How can public health be served and personal privacy preserved? Thirty-four months ago, in the Health Insurance Portability and Accountability Act, or HIPAA, Congress gave itself a deadline for coming up with an answer. But as the weeks count down toward the Aug. 21 day of reckoning, there is no consensus. Left to flame unchecked, even the best aspects of technological progress and data collection -- with their promises of reduced costs and administrative simplification -- appear to have made vulnerable Americans who once felt their privacy was shielded by firewalls of civil liberty.
Awaiting action in committee are the Health Care Personal Information Nondisclosure Act of 1999 (S578), introduced by GOP Sen. Jim Jeffords of Vermont and Democratic Sen. Christopher Dodd of Connecticut; the Medical Information Protection Act of 1999 (S881), introduced by Utah Republican Sen. Robert Bennett; and the Medical Information Privacy and Security Act (S573/HR1057), introduced by Democratic Sens. Patrick Leahy of Vermont and Edward Kennedy of Massachusetts.
Occasionally there is talk of an emergency move to push back the deadline, but the clock is ticking.

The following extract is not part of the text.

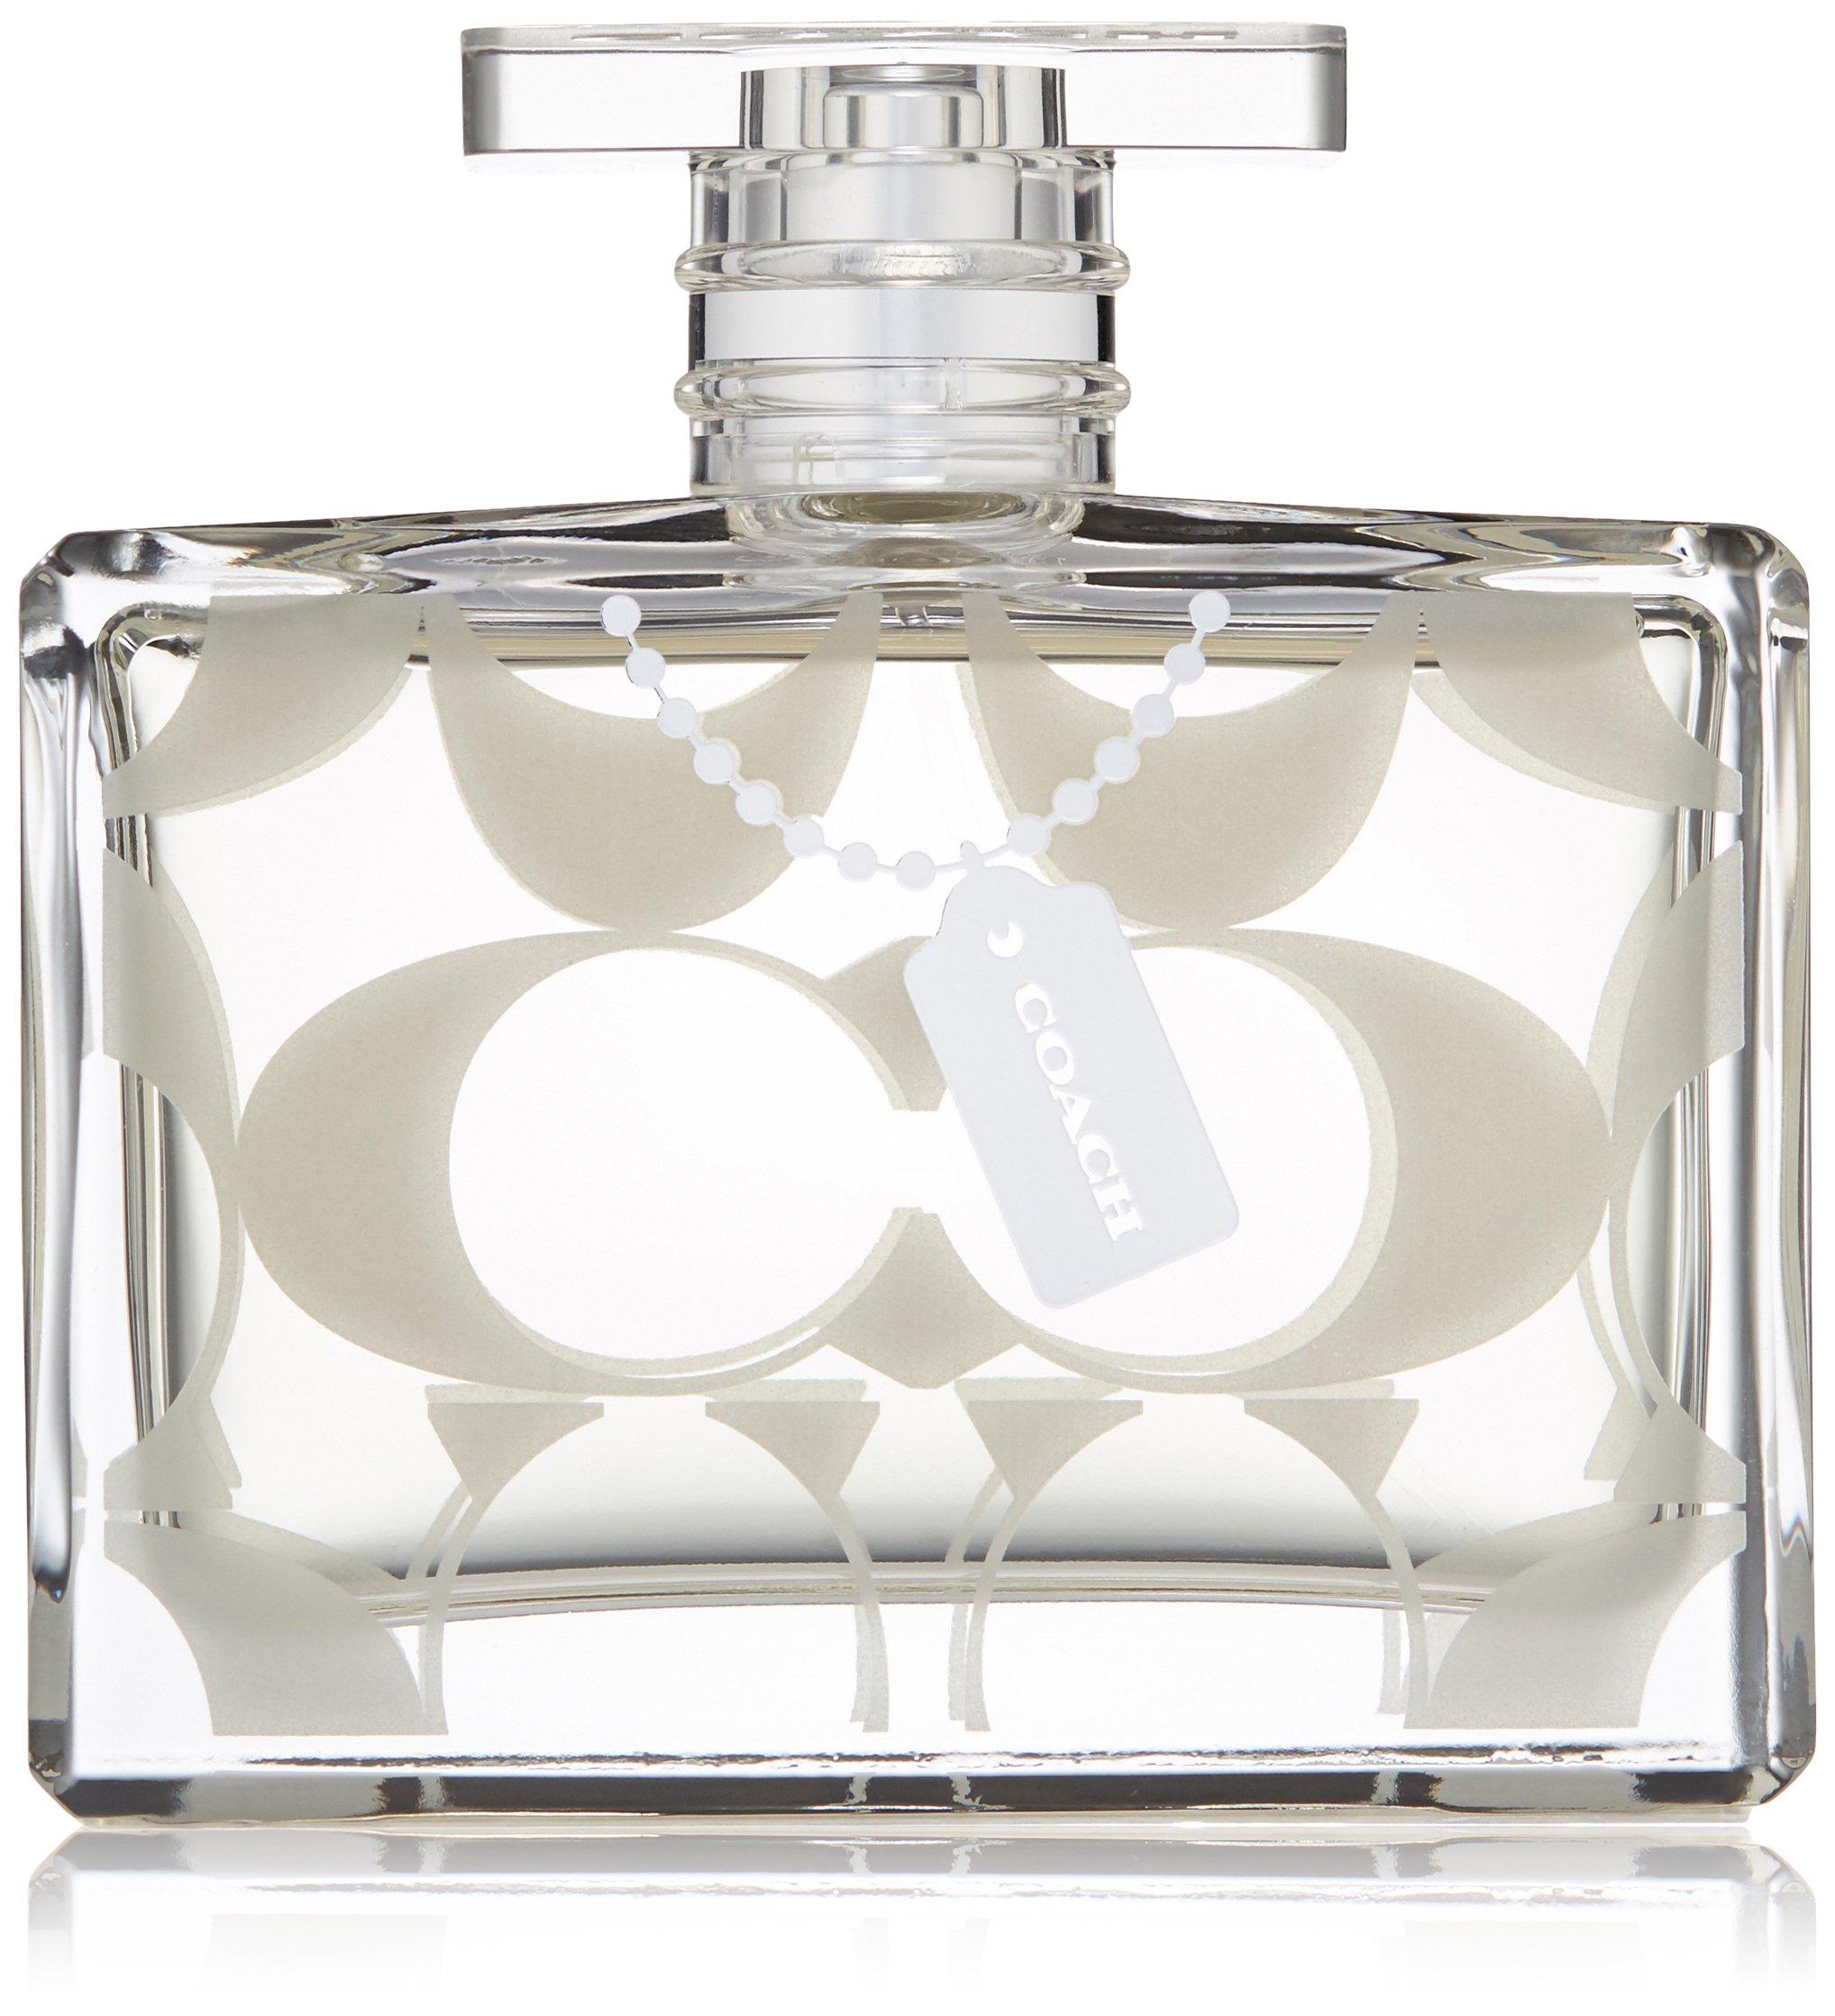 Cõach - Signature Eau De Parfum

If the deadline passes without congressional action, the responsibility for crafting regulations to protect these medical records will fall to the Clinton administration's HHS, headed by Secretary Donna Shalala. So plans already are in the works.
But privacy advocates are not happy with the executive recommendations, the legislative plans or the bureaucratic proposals -- all ostensibly formulated to preserve medical privacy. While packaged under labels of patient protection to lull public outcry, they say, the proposals cater to the interests of government research and the growing public-health industry.
After reviewing the most recent draft of the Jeffords legislation, which
is seen as the markup vehicle most likely to move out of the Senate Health,
Education, Labor and Pensions Committee, Sue Blevins of the Institute for
Health Freedom has concerns. "What appears to be coming is not just the
collection of a paper record that says, for example, 'John Doe is an alcoholic,'
but [the chairman's markup is] talking about authorizing actual collection
of blood, sperm and possibly a single cell," she says. "It looks from the
chairman's marks that you're told you need to give informed consent for
the use of your medical records, yet in order to get health insurance you
are coerced into forfeiting your informed consent. In addition, research
organizations are not necessarily required to get your informed
The Jeffords bill was derailed earlier this month in a disagreement about whether patients whose medical records have been misused should have a right to sue and for how much, and over who should have access to juvenile medical records, says Jeffords spokesman Joe Karpinski. "Jeffords felt we should not go forward with the markup due to the likelihood of losing bipartisan support," Karpinski tells Insight. Other issues, such as whether federal law should preempt state laws on these matters, are even more controversial.
"There are issues out there that are more important than whether an individual will be allowed to sue for unauthorized access to records or who will have access to the records of minors," says medical-privacy expert Twila Brase of the Citizen's Council on Health Care. "The important issue for the public is that this bill does not protect confidentiality."
Partisans of the policy counter that many of the concerns of privacy-rights advocates are out of touch, that in today's integrated health-care system the old concept of privacy is in the way of scientific expansion, high-quality care and patients' need and expectation of high-speed service. "The problem is that health information flows now without patients being aware of it. And, a totally voluntary system wouldn't work. I mean, every time you submit a claim or request treatment, that is information about you going to your provider. Also, certain public-health needs, such as tracking AIDS and other [sexually transmitted diseases], need personal information to do their job," says Karpinski. "Also, some providers use personal information to operate preventive-care programs that a person would not be able to access if they restricted their records."
Traditionally the right to privacy in health care meant securing the patient's choice of how much medical information could be shared and with whom. From the "Oath of Hippocrates," written in the fourth century B.C., physicians proclaimed: "Whatsoever things I see or hear concerning the life of men, in my attendance on the sick or even apart therefrom, which ought not be noised abroad, I will keep silence thereon, counting such things to be as sacred secrets."
Has such medical privacy gone glimmering? According to a Congressional Research Service study, during an average hospital stay in 1996, a patient's records were seen by at least 400 people. That year, reports the National Research Council, the health-care industry spent an estimated $10-$15 billion on information technology. And the people who see these detailed records are not necessarily involved directly with providing health care. They range from employers, insurance companies and government agencies concerned with cutting costs to marketers of pharmaceutical or insurance products hoping to increase their profits and to researchers of all kinds.
"The patient's expectation that information supplied to a physician is confidential may no longer be realistic," says a Congressional Research Service report updated this spring. "Concerns are increasing that, if patients believe their records are not confidential, they will no longer provide physicians with information potentially important for effective treatment."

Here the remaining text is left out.